¿Por qué quienes ansían separarse de España desean ganar la Copa del Rey? ¿No hubiera sido lo coherente dar la espalda a tan irritante manifestación de colonialismo deportivo? Por otro lado, ¿por qué prestar altavoces a los separatistas, sobre todo por algo tan alejado de la política como es el deporte? ¿Por qué tanto ruido por un partido de fútbol? ¿Por qué esta pueril adoración por unos chutadores multimillonarios que se parten de risa ante los berridos nacionales de quienes les pagan los Ferraris? Recuérdese a Piqué –ese espejo de la andante caballería admirado por sus amores con una contorsionista y por cobrar en un día pegando patadas lo que un cirujano en toda su vida salvando la de los demás– escupiendo por la espalda a los circunstantes en el momento de ser recibido, junto a sus compañeros multimillonarios, cual Aquiles a la vuelta de sus hazañas.
Eurípides denunció hace ya dos milenios que “de todos los males que sufre Grecia no hay uno más funesto que la tribu de los atletas. Vitupero la costumbre de organizar encuentros en su honor y convertir en honorables una serie de diversiones inútiles con la sola intención de disfrutar de una fiesta. Son los sabios y la gente de bien y los gobernantes justos a quienes hay que coronar con olivo”.
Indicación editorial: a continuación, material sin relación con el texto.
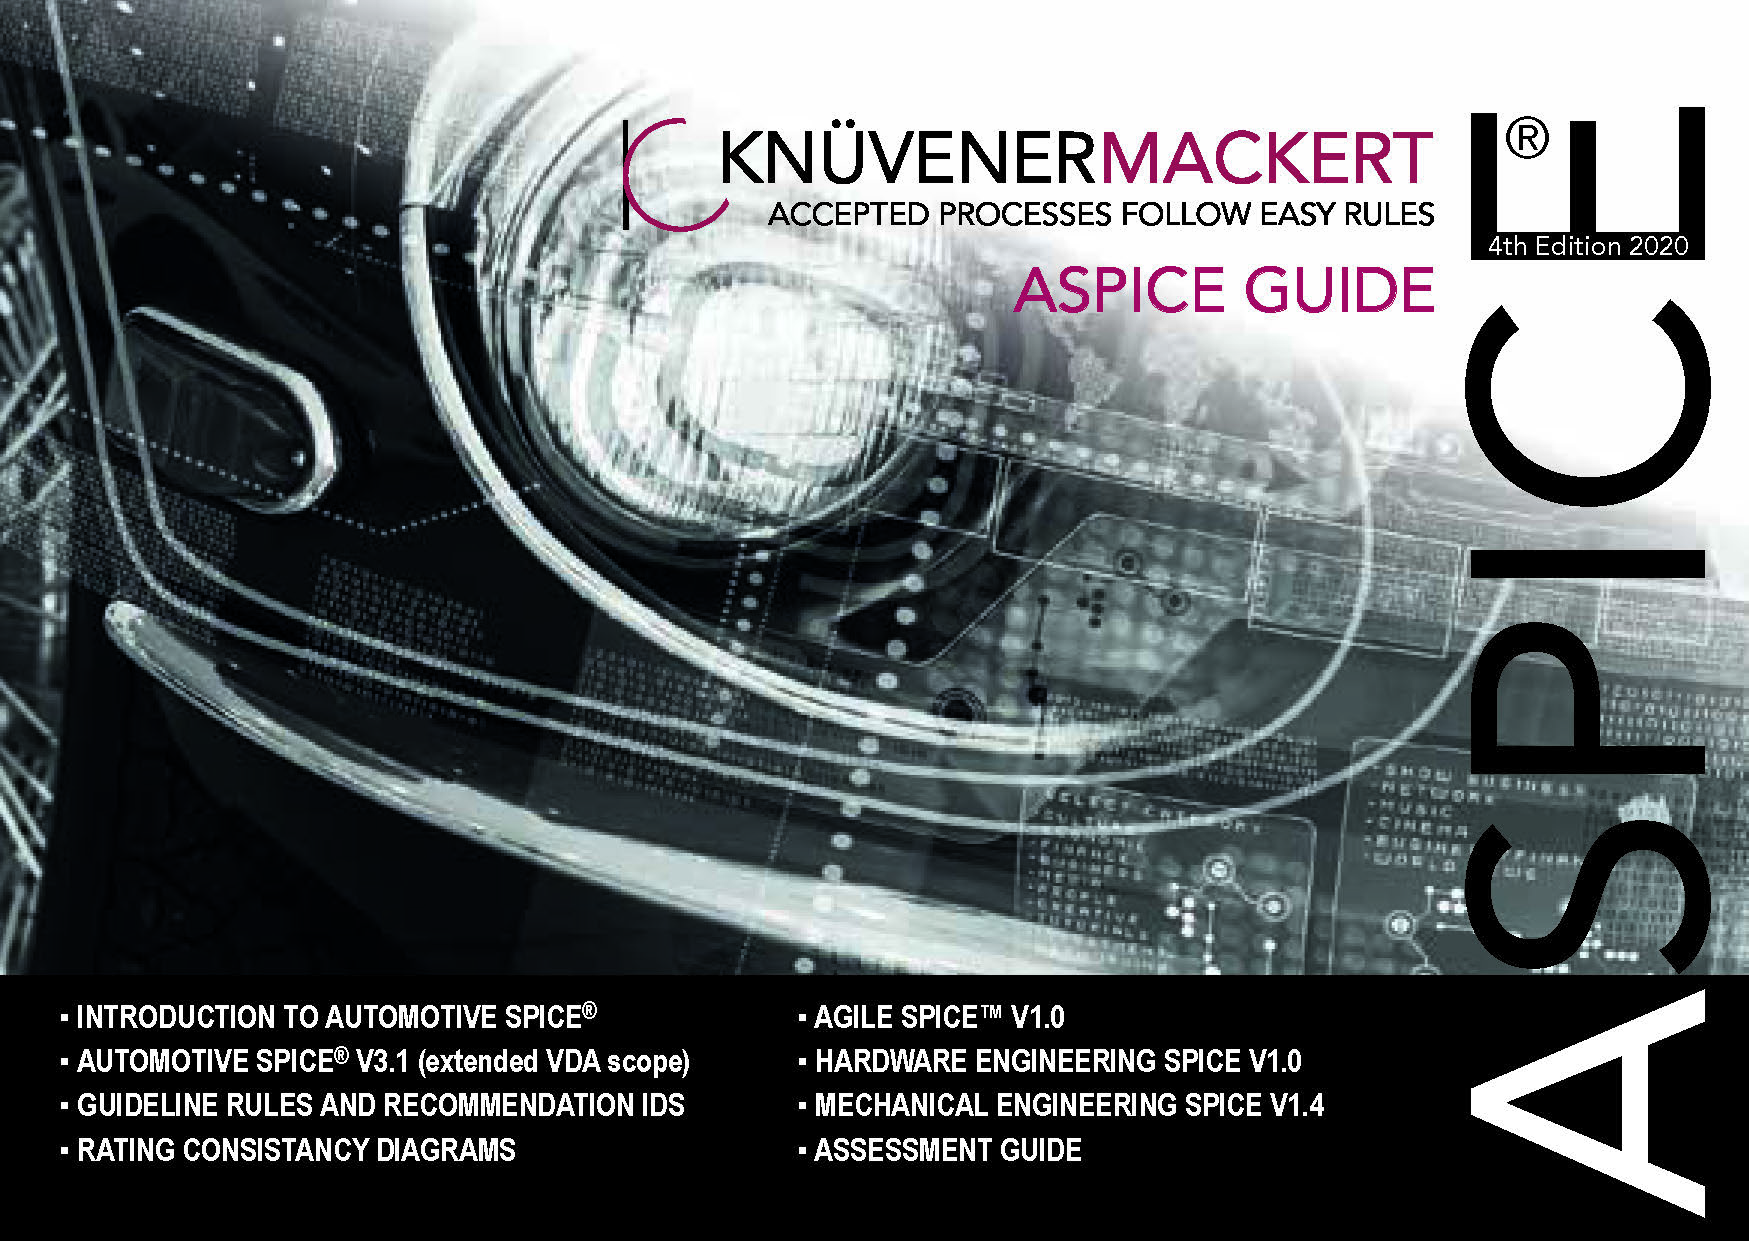 KM SPICE Guide 2020 2nd

Lamentablemente, 2.500 años después de la recomendación del sabio griego se sigue apreciando, y pagando escandalosamente, el sudor del deportista, pero no los ojos del investigador ni las manos del sanador ni el insomnio del cuidador ni el cerebro del pensador. En esta pueril época final de la civilización, la idolatría deportiva evidencia que continuamos a buen paso en nuestro progreso hacia la bestia.
Marx no tenía ni idea: el opio del pueblo no es la religión, sino el fútbol.